Preconception treatment is essential for treating women of childbearing age having TA. However, such type of therapy will mainly concentrate on dosage adjustments, stopping cytotoxic medications, folic acid supplementation throughout the pre-conception phase, and the best time to become pregnant. Similarly, patients are recommended to plan an early visit for routine prenatal care because TA is possible throughout the remission phase; pregnancy should also be planned for better outcomes without much problem. In addition to standard antenatal checkups, serial monitoring of blood pressure, renal function, and cardiac status, and pre-eclamptic screening are critical in these patients. The daily count of foetal kicks, gravidogram, serial foetal biometry, biophysical profile, and foetal Doppler are also essential components of foetal surveillance. Pregnancy does not impact TA's progress. However, maintaining blood pressure control is crucial since any rise could cause an aneurysm to burst, causing hypotension or maternal cerebral ischemia. The ineffectiveness of peripheral blood pressure monitoring may also make it more challenging to treat hypertension in these people because upper extremity pulses may be absent. The monitoring of blood pressure several times in extremities or invasive blood pressure monitoring can benefit patients.

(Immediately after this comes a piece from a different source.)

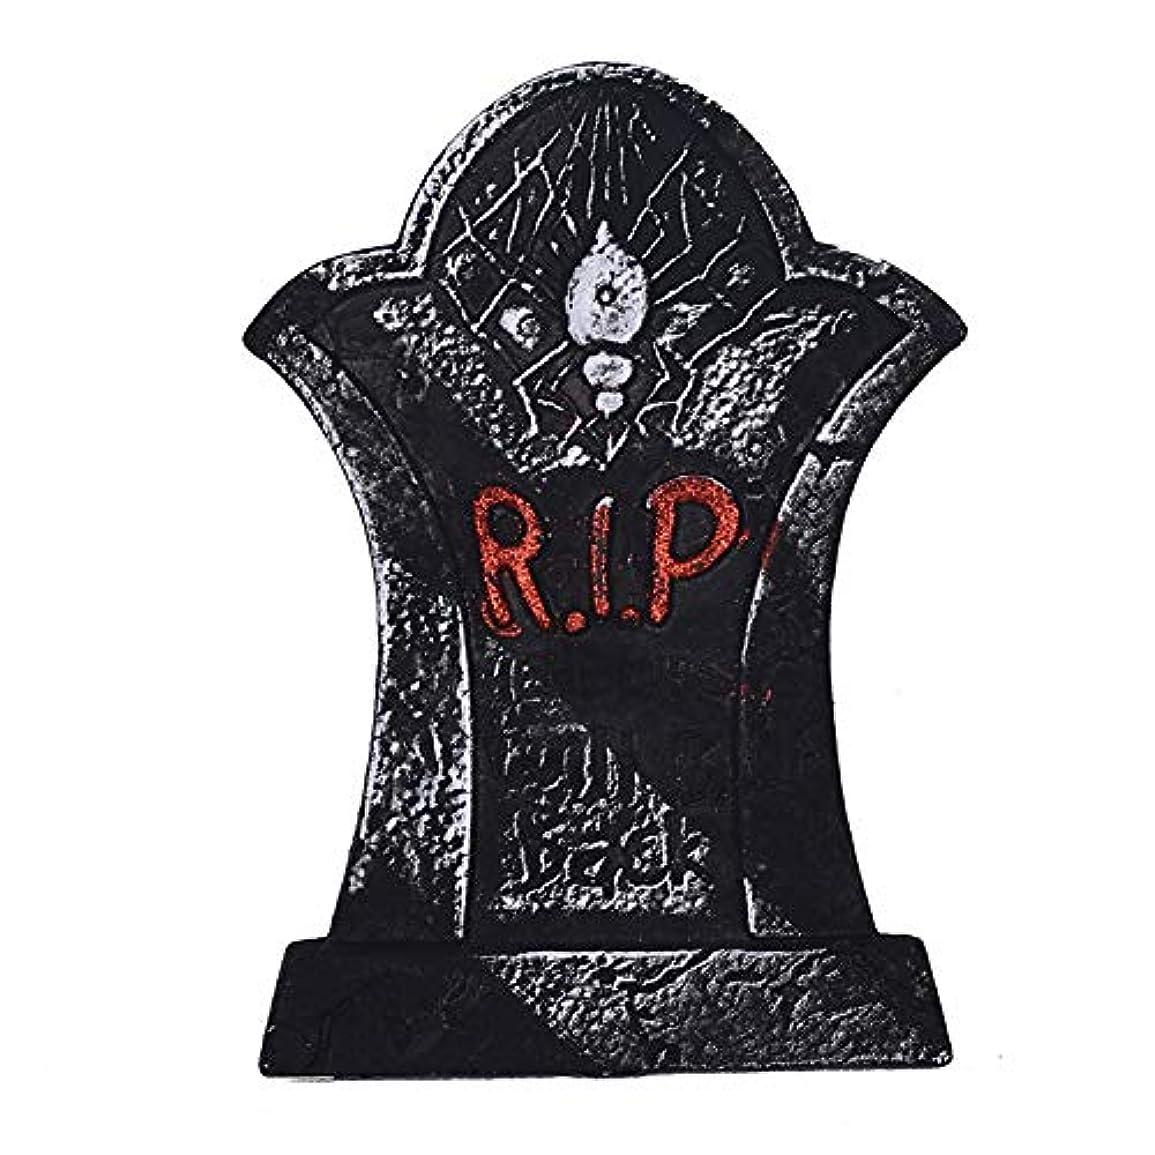 シュガーより多い島ETRRUU HOME ハロウィーンの三次元墓石タトゥーショップ装飾バーお化け屋敷の秘密の部屋怖い怖い装飾小道具

However, managing blood pressure may be challenging because of the physiological changes that occur during pregnancy. Any patient with TA should make plans to get pregnant once their blood pressure and condition are stable. Antihypertensive medicine must be regulated, and angiotensin inhibitors and angiotensin-converting enzyme (ACE) inhibitors must be contraindicated. On the other hand, it has been demonstrated that hypertension which is out of control during pregnancy is associated with aortic dissection, cardiac and renal failure, stroke, and maternal death. Ultimately, for patients with TA, vaginal delivery has emerged as the optimal method of labour management. Epidural analgesia has also been promoted for use during childbirth.

Conclusions

This is an exciting report of successful pregnancy and live birth after the diagnosis of TA in a pregnant female, who despite the cardiovascular risk was safely delivered with a healthy child. TA being a rare disease, not a lot has been studied about its correlation with pregnancy. Symptomatic treatment remains the mainstay of treatment for now. Obstetricians face a difficult problem while caring for pregnant women with TA. The ideal care for pregnant individuals with this condition remains elusive despite improvements in cardiovascular management and the introduction of cutting-edge medications. Further studies are required to further our understanding of disease progression.